# BEGINNER



## CoosaHunter (Oct 11, 2005)

Hey my name is Ethan and I am 14 years old. I live in the northwestern part of Georgia. I am planning to go hunting on October 22 because that it the beginning of the gun season. I am supposed to be hunting at my best friends house with my dad who has also never hunted before. We have heard to take some doe urine but we don't know where to put it. We have also heard to put on wilderness deoderant and wilderness soap. My friend has a pond at his house but it is about 150 yards from his house. We are not hunting from a tree stand. I was planning on using my Charles Daly 20 guage shotgun with a deer slug but I can't go out and buy anything on such short notice. What are some tips or hints for me to bag my first buck on my first trip. Like where do I need to set up and what do I need to do the night before. What time do I need to arrive at my spot..etc...

Thanx


----------



## Bob Kellam (Apr 8, 2004)

Welcome

Wow that is a bunch of tough questions to answer. North Dakota and Georgia differ a great deal in hunting style and patterns. Here is a link on big game hunting from this site http://www.nodakoutdoors.com/deer-hunting/

If you are hunting stationary, you will need to camo yourself (scent and skin)and any movements you make. as a rule deer are very alert and will notice even the slightest movement. Doe urine is only good if it is from a doe in esturus and you know for sure the rut is on. Under those conditions it will bring a buck in. Scent Lock makes a spray to spray your clothing with. they also make a full line of clothing and cleaning products.

You can use all of the scent cover you want and if your setup is wrong it will not make any difference.

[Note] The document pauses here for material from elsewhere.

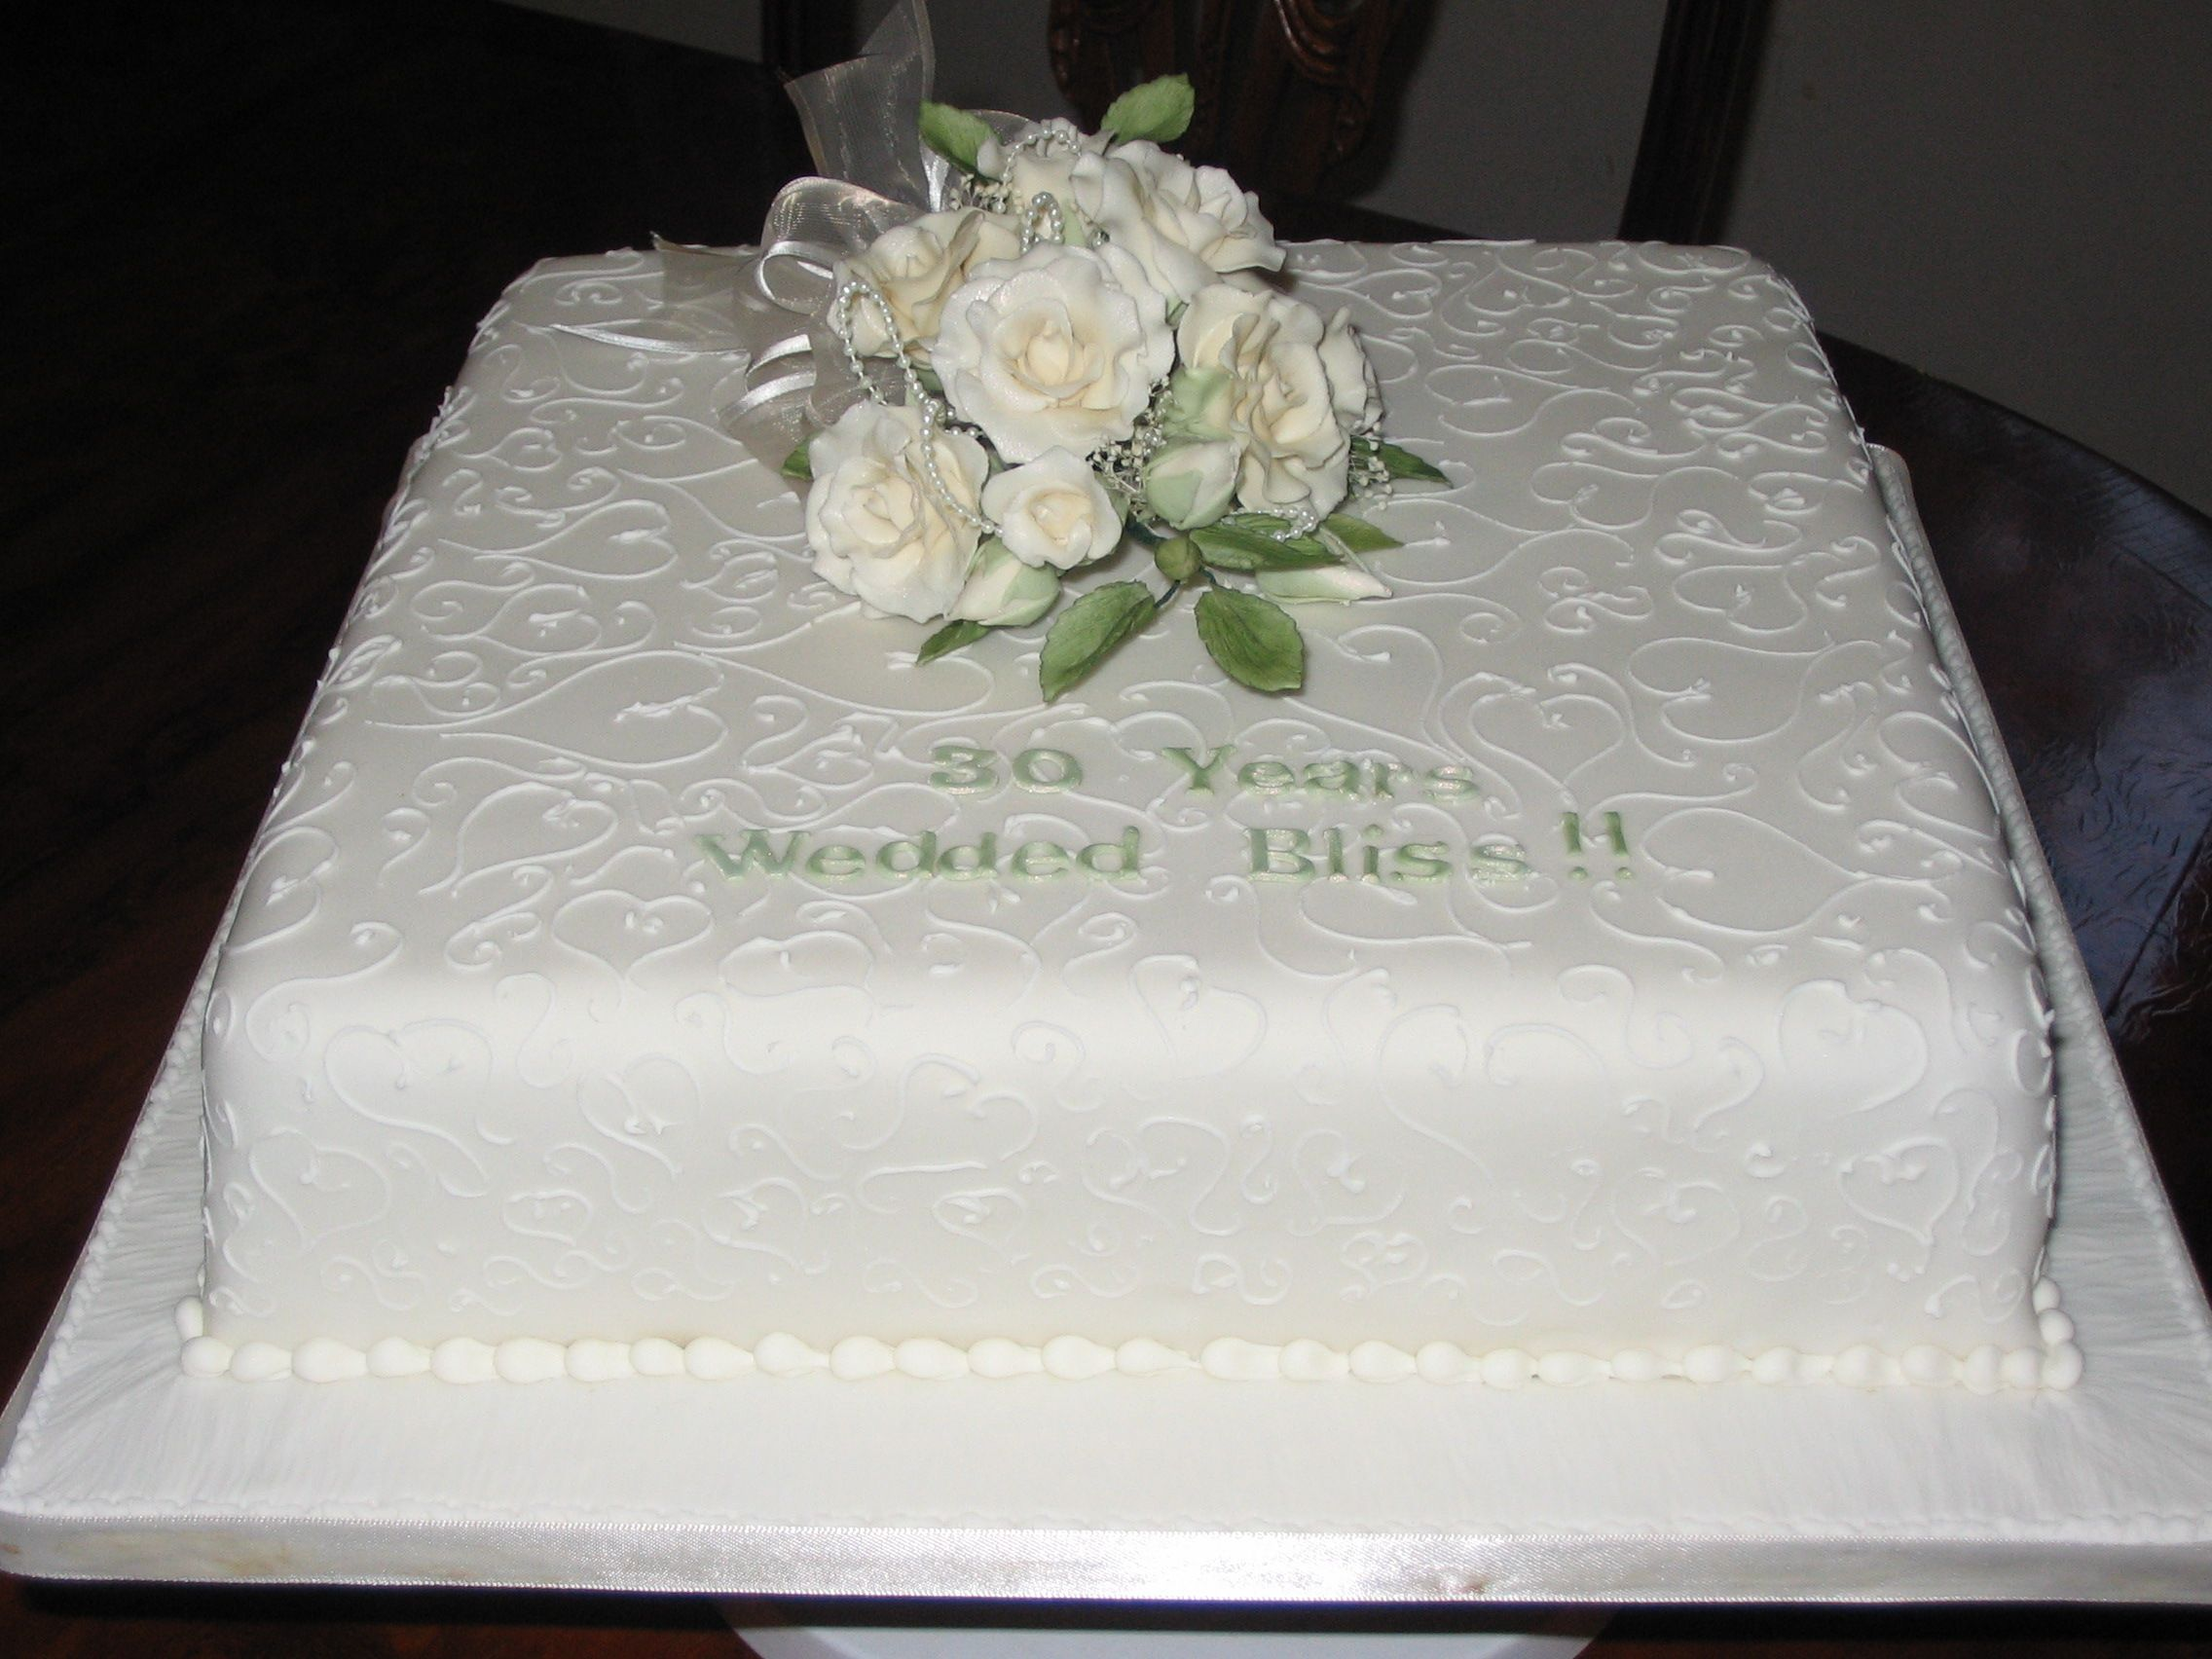 White and emerald years wedding anniversary cake

You will want to determine the most probable direction that the deer will come from and set-up in that general area WITH THE WIND IN YOUR FACE! this is called being down wind. if you choose to use a ground blind the dark holes that are designed to shoot out of are 100% deer spookers! get some matching camo net and cover the holes and attach it so you will still be able to move it to shoot.

Any movements you make should be in ultra-slow-motion.

There is so much more that could be written, Please read some of the articles from the link above and if you have any more questions post them up.

Good Luck!!

Bon


----------



## sierra03 (Jan 27, 2005)

I dont know about the full camo thing, remember safety! Haha maybe some orange would be good! If its the start of deer gun season.Maybe you and your dad are rushing this, if you have the money, buy a nice deer rifle and take some time sighting in. Early mornings and evenings are best for deer movements. And everything bob told you about the wind is a good idea. They are expecting you to be hunting them, and they are going to be alert. Maybe walking heavy traveled deer trails and thick cover would be a good idea during the day. Always watch for a dark spot, or something out of the ordinary. And know your target before you pull. Dont forget all the supplies you are going to need to field dress your deer in a timely manner. And have fun, be safe


----------